■ Data:
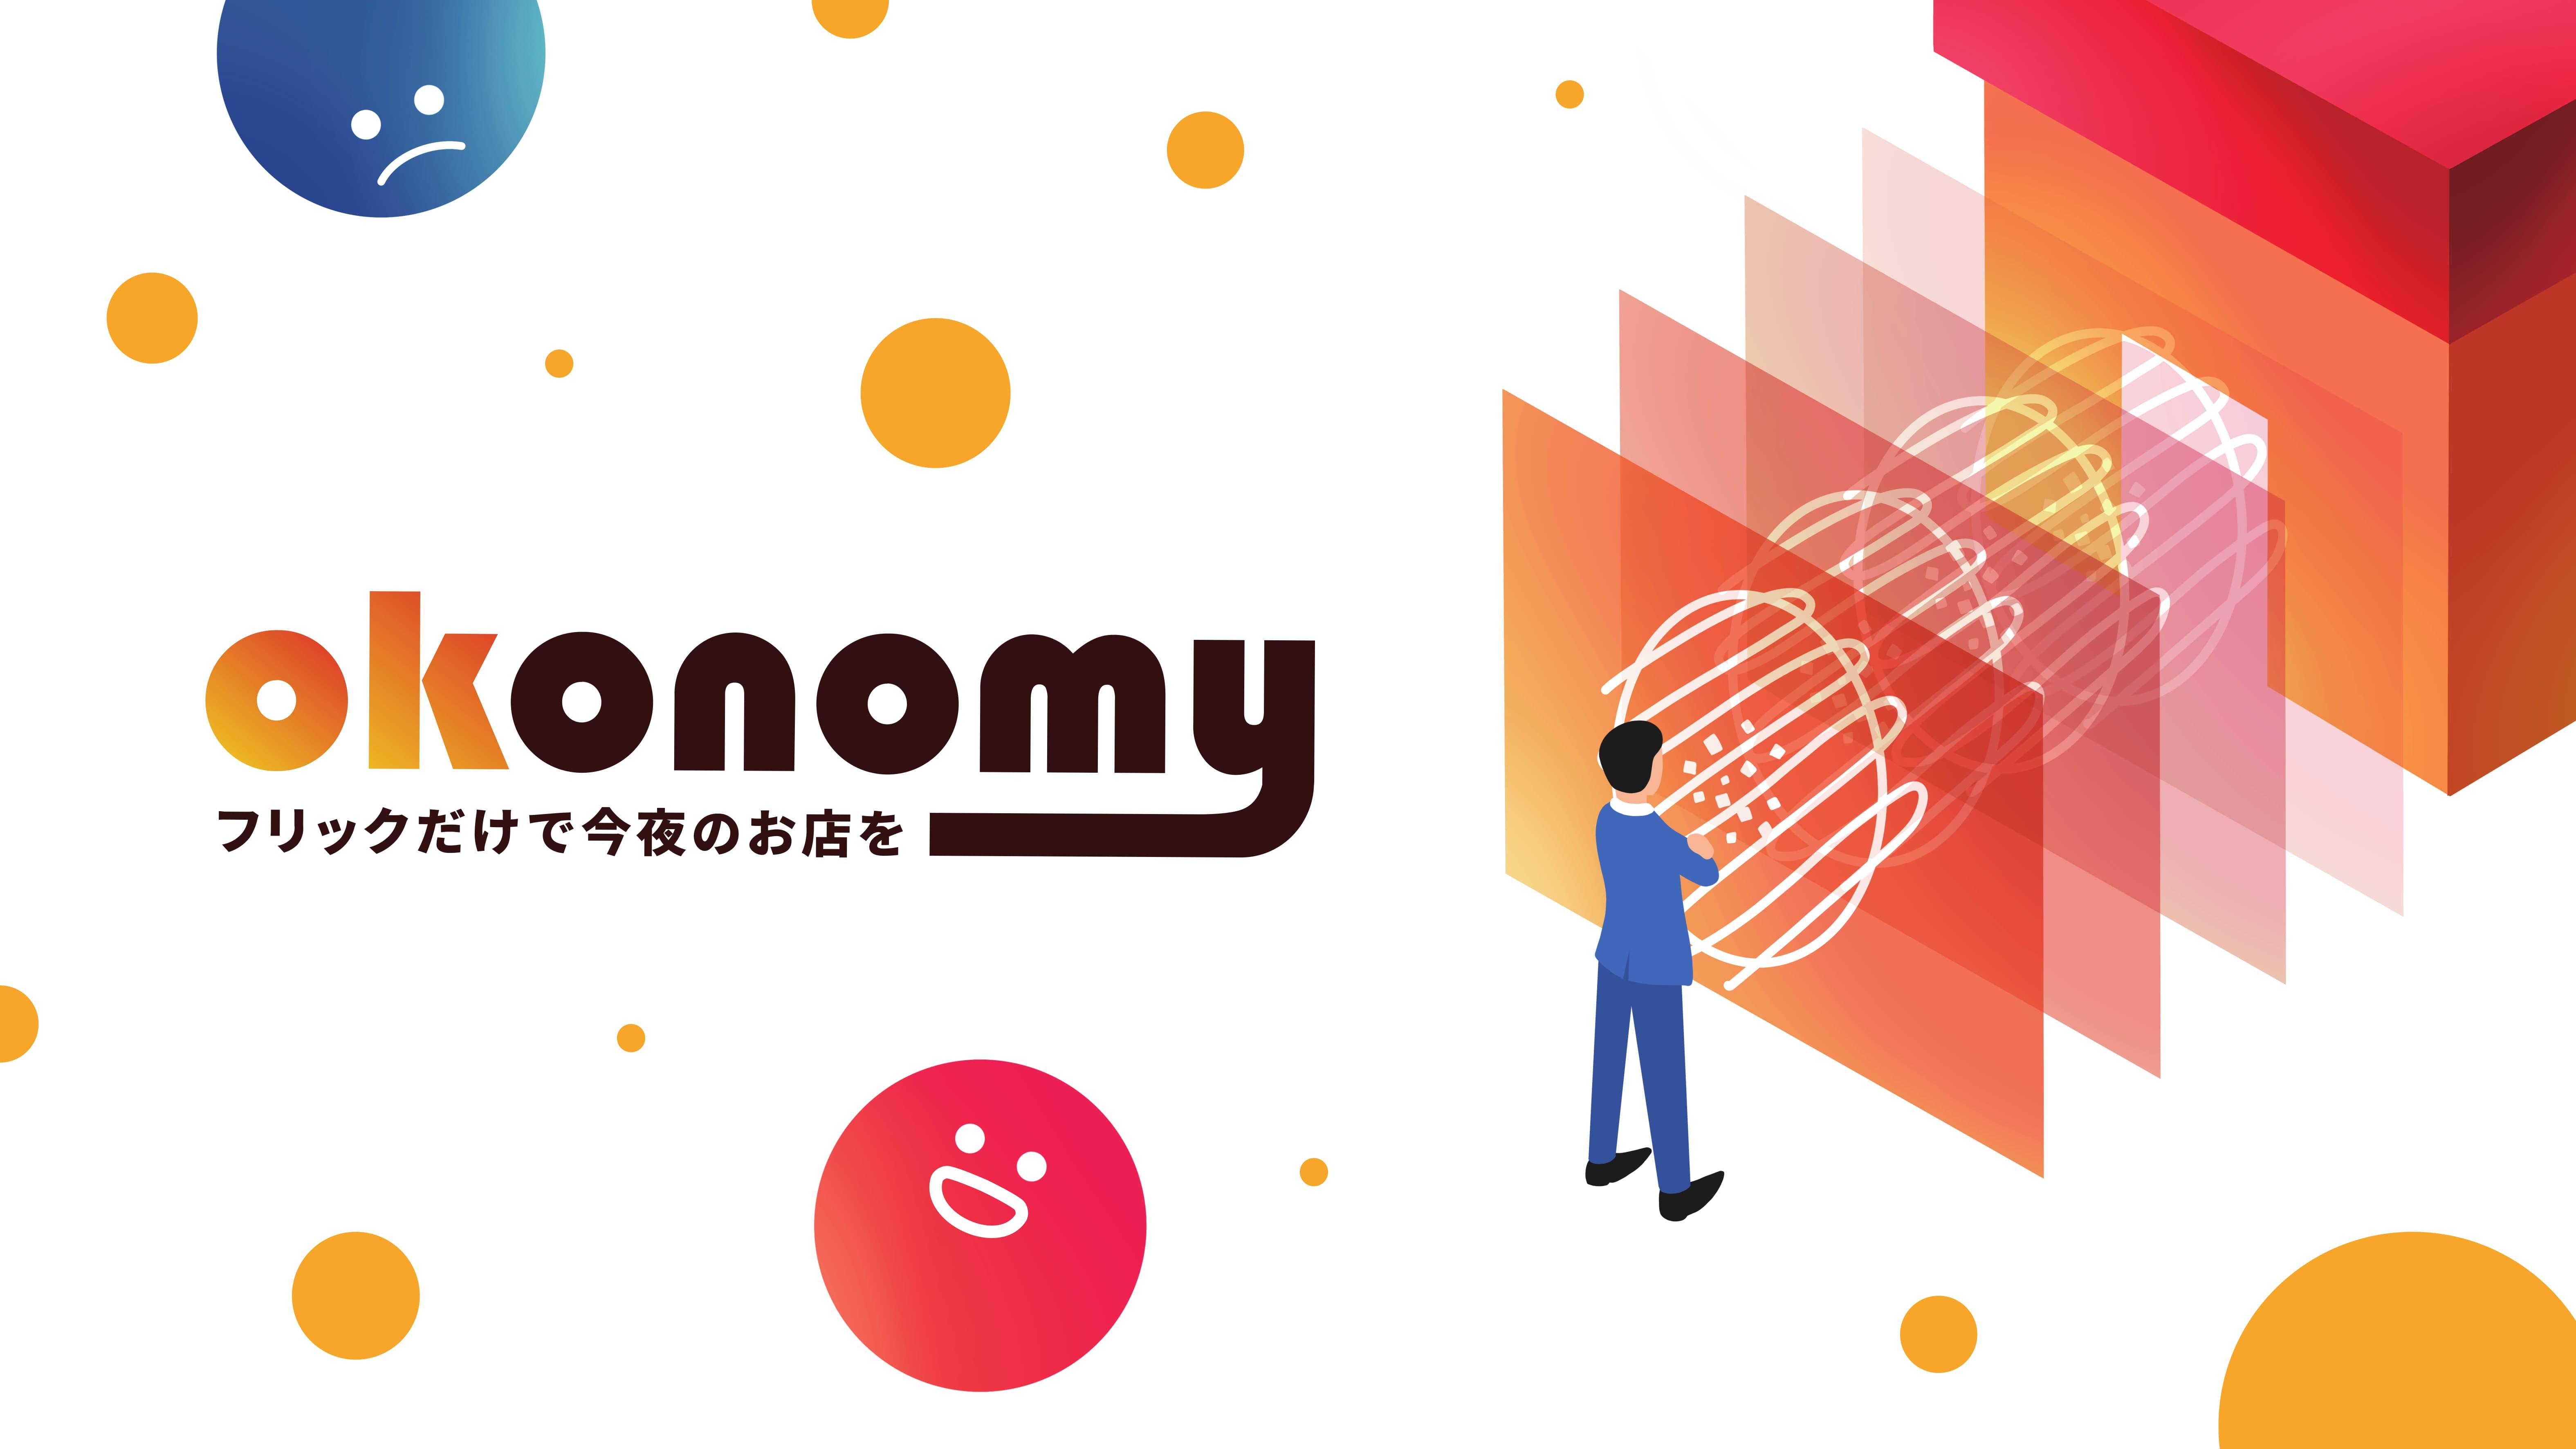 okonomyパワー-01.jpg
---
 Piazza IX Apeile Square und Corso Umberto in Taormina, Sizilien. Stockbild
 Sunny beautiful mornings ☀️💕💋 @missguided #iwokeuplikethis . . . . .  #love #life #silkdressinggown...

■ Required work: Copy out the range of lines above starting at the line with "Piazza IX Apeile" and ending at the line with "Sunny beautiful mornings", exactly and including both.

■ Result:
 Piazza IX Apeile Square und Corso Umberto in Taormina, Sizilien. Stockbild
 Sunny beautiful mornings ☀️💕💋 @missguided #iwokeuplikethis . . . . .  #love #life #silkdressinggown...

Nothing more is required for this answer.